We are now on our first site visit in southern Nepal: Chitwan, a 900 sq km protected forest area and former hunting reserve for Nepali and British aristocrats. It was in this very jungle that King George V and his son, Edward VIII, managed to slaughter 39 tigers and 18 rhinos during a blood-soaked safari in 1911. We arrived in Chitwan at sunset, after a six hour drive downhill on a sinuous busy road 160 km south of Kathmandu, driving on the left lane of a two-way half-paved dusty road, navigating against hordes of speeding motorcycles tweeting their horns, overloaded trucks and overflowing buses, a sea of people on foot and ambulant vendors, a myriad of retail stores and ads, oscillating figures of porters with huge bulks in their shoulders, bicycles and tricycles, Buddhist and Hindu road side shrines and pagodas, pujas and prayers, screeching loudspeakers, drowsy buffalos, sleepy dogs, and hyper-alert goats…

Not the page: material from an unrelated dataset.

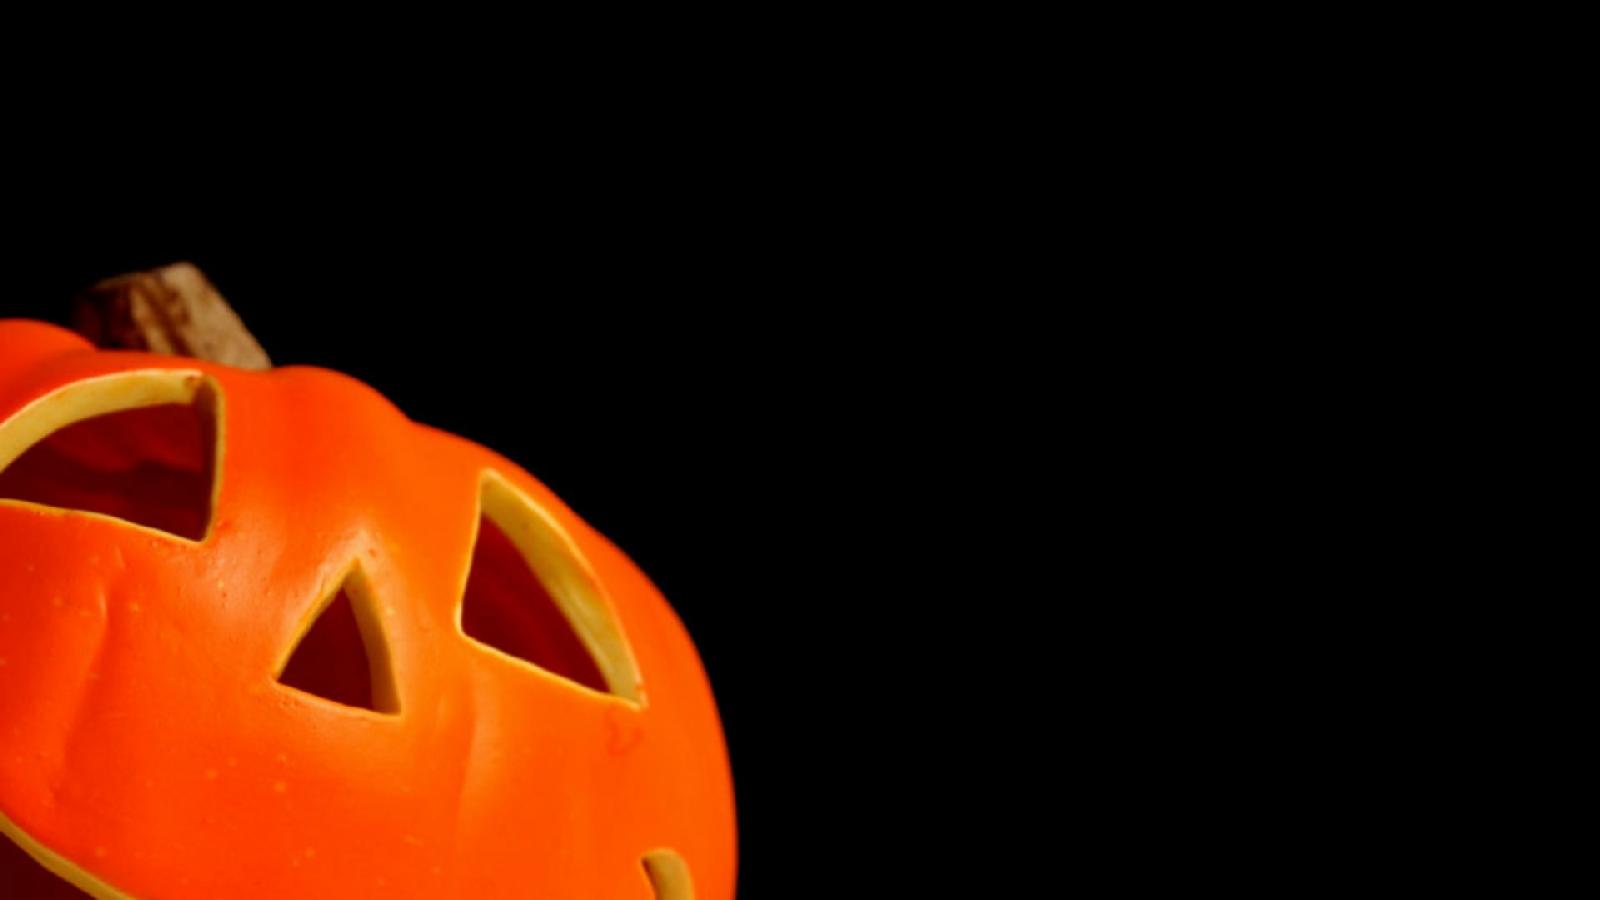 http://4.bp.blogspot.com/-meWh1MKg4Zc/UEPoHNTSS1I/AAAAAAAAKvE/2tSwUf19f5U/s1600/Halloween_98-712792.jpg
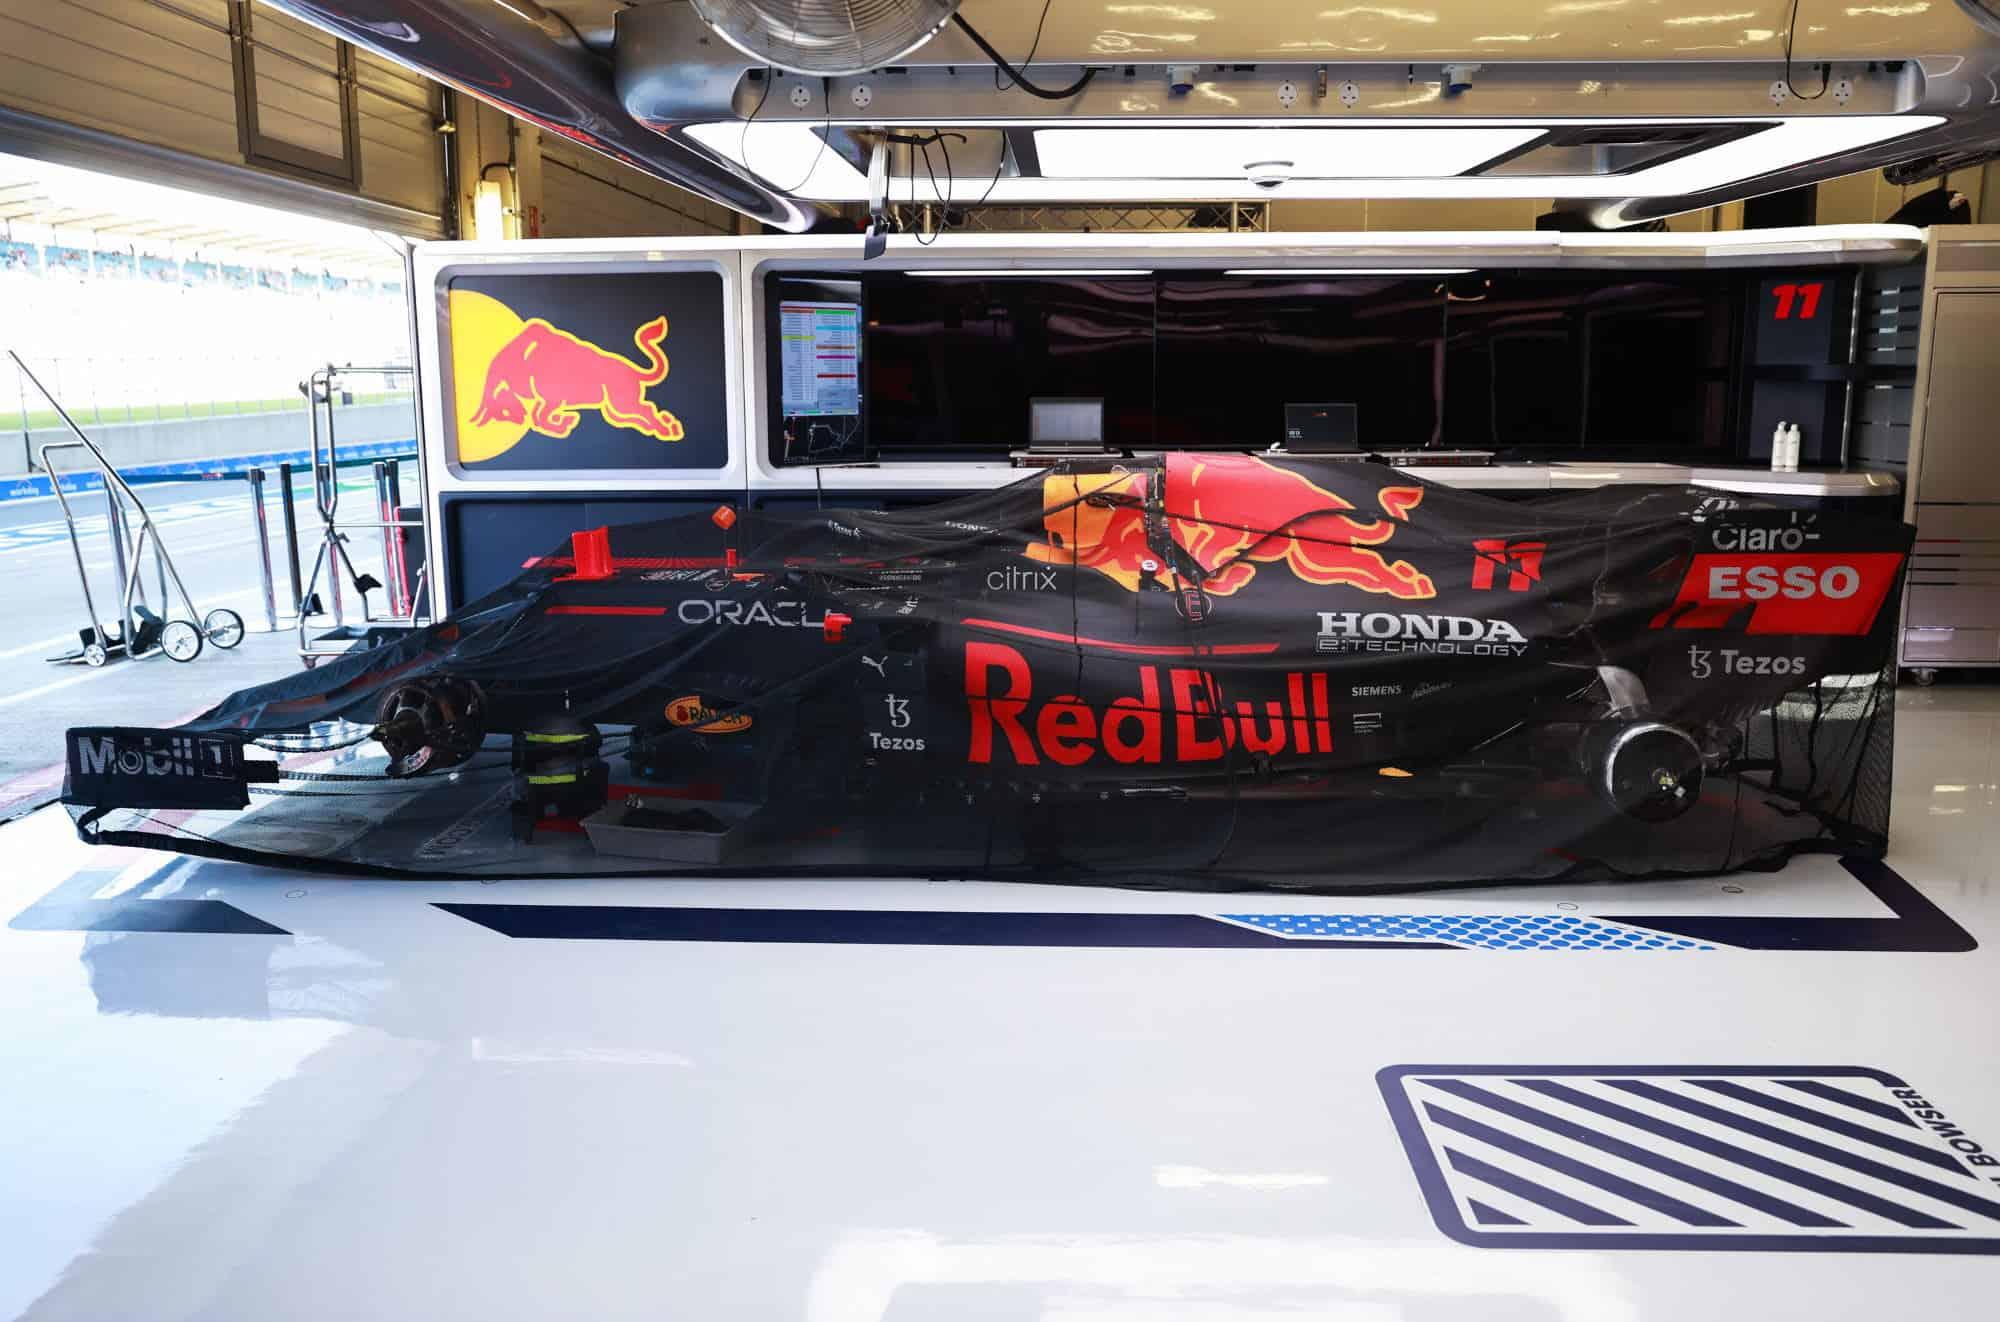 2021 British GP Perez Red Bull RB16B parc ferme garage Photo Red Bull

Our first field visit in Chitwan was to Shaktikhor, one of the study villages about one hour ride from the Rhino Residency (our base hotel). We travelled through the heavy fog of a cool, all-gray dim morning light, which surrounded everything in a magical cloud of dust, fog and mist. Our group was composed of myself, Laurence Kirmayer, and Consuelo Errázuriz , as well as John Morstad (our resident photographer), Bhogendra Sharma (our Nepali partner and host), RP (aka Ram Prsad, a Nepali psychologist), and three young research assistants. We walked through the maze of small farmers’ houses and stores, goats, playing children and curious early risers, slowly rolling towards the edge of the village to interview a couple of informants. Our pace was slow, stopping every few steps in amazement to watch, shoot a photograph, ask for directions and have small talk with intercepting children and local villagers, as we greeted everyone with our praying hands closed to our chest and our first word in Nepali: namaste! (literally: I greet the divine inside of you). It was our first exposure to village life in Chitwan and we surely collected a few hundred photos thanks to John and Laurence who kept pointing and shooting their cameras as we walked through this memorable experience… our visit included open interviews, a healers’ therapeutic session, and lots of domestic scenes and animals.

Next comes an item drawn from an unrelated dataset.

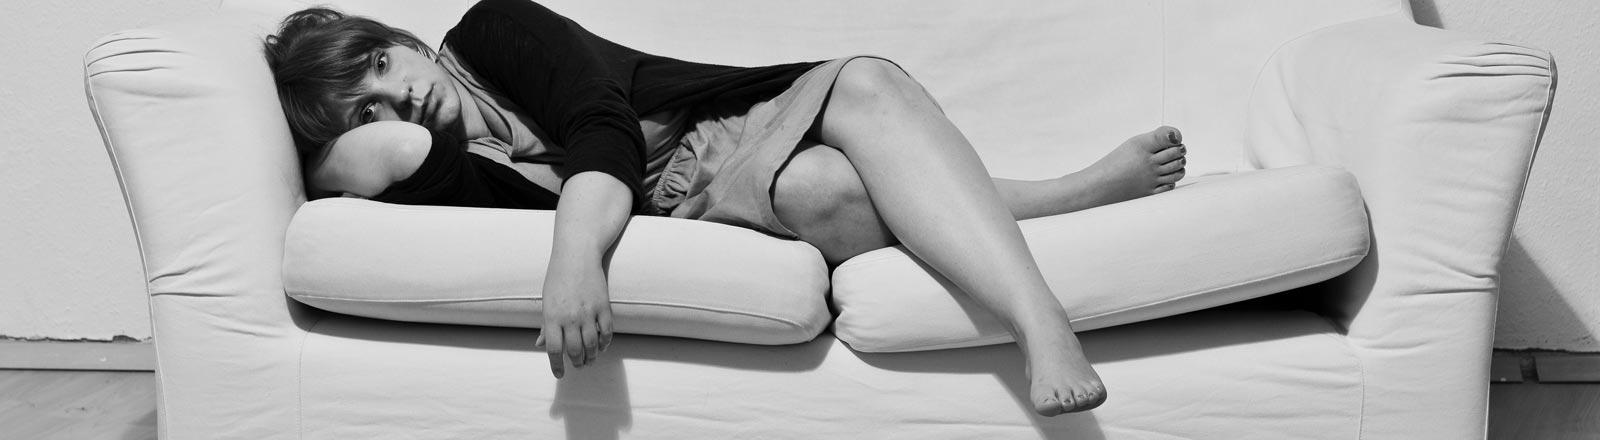 Eien Frau liegt auf einem Sofa.

The next morning, we took a longer stroll through the Tharu village and a site visit to the local health post before going back for lunch to Rhino Residency. After our first exposure to the exquisite Nepali cuisine, we discover momos: round steamed dumplings with variable and dubious fillings, which became our favourite dish and most celebrated second Nepali word: momo.

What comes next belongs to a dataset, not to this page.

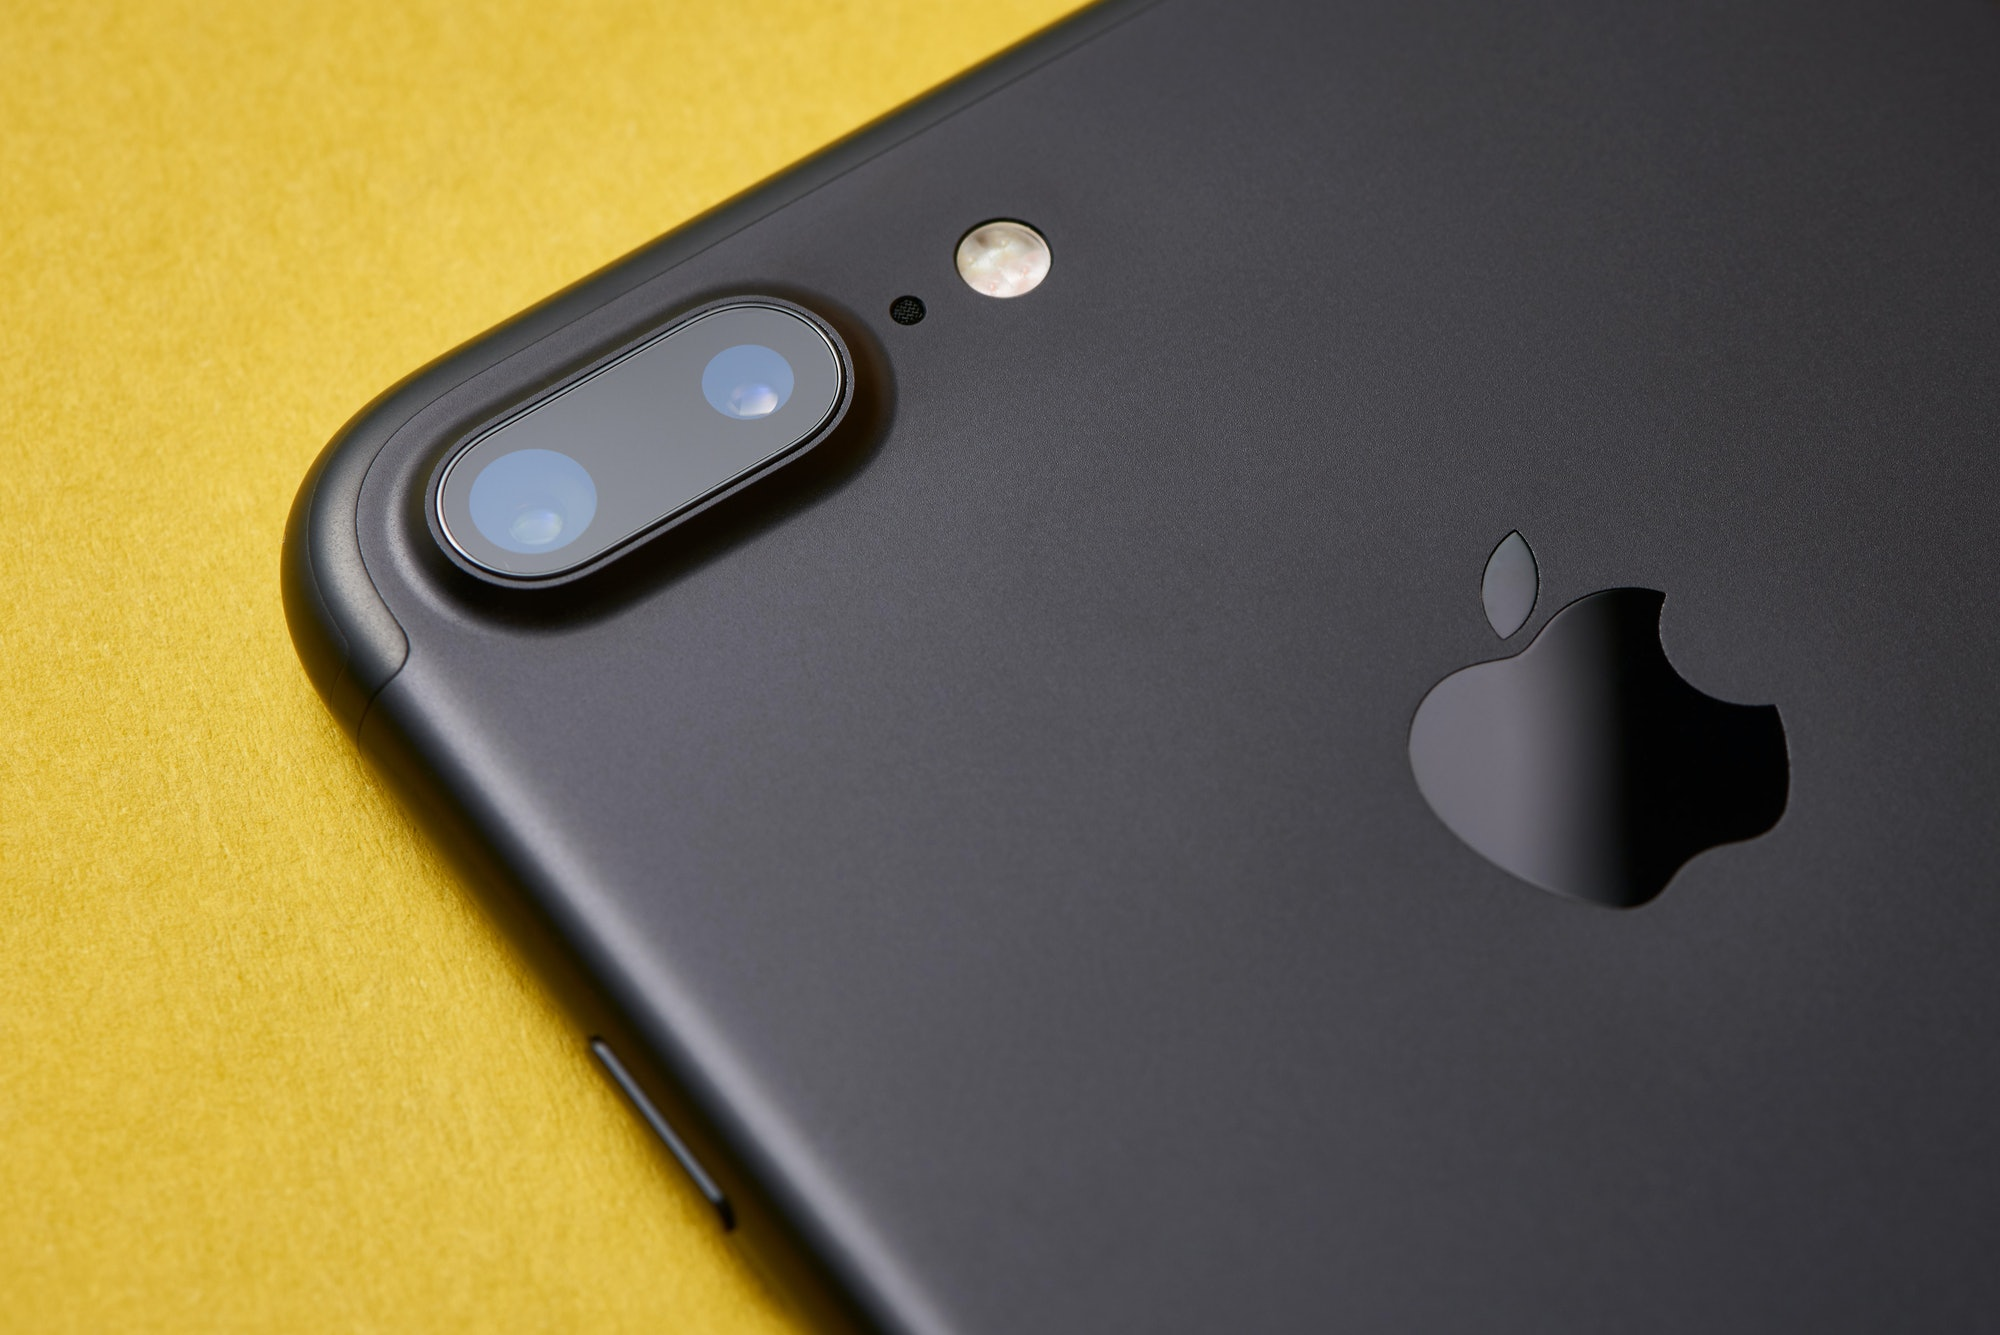 The iPhone 7 Plus' dual-lens camera.

In late afternoon, we went for an elephant ride in a safari camp nearby which began at the United Elephant Booking Kiosk where we split the group between two elephants and climbed up the docking station. This was an exhilarating experience: Consuelo climbed first, followed by Duncan and Laurence, as the rest of the group climbed on top the second elephant. The view from the elephant’s top not only goes much further than your usual bipedal eyesight, but you certainly feel much safer, as rhinos, crocodiles, and other potentially dangerous creatures came across our path. It was two hours navigating on top of an elephant across the most beautiful silent jungle, intercepted by rhinos (including a female about to deliver a baby rhino), monkeys, deer, crocodiles and elegant birds, on a very different safari — almost a century after George and Edward’s infamous visit to this part of the world.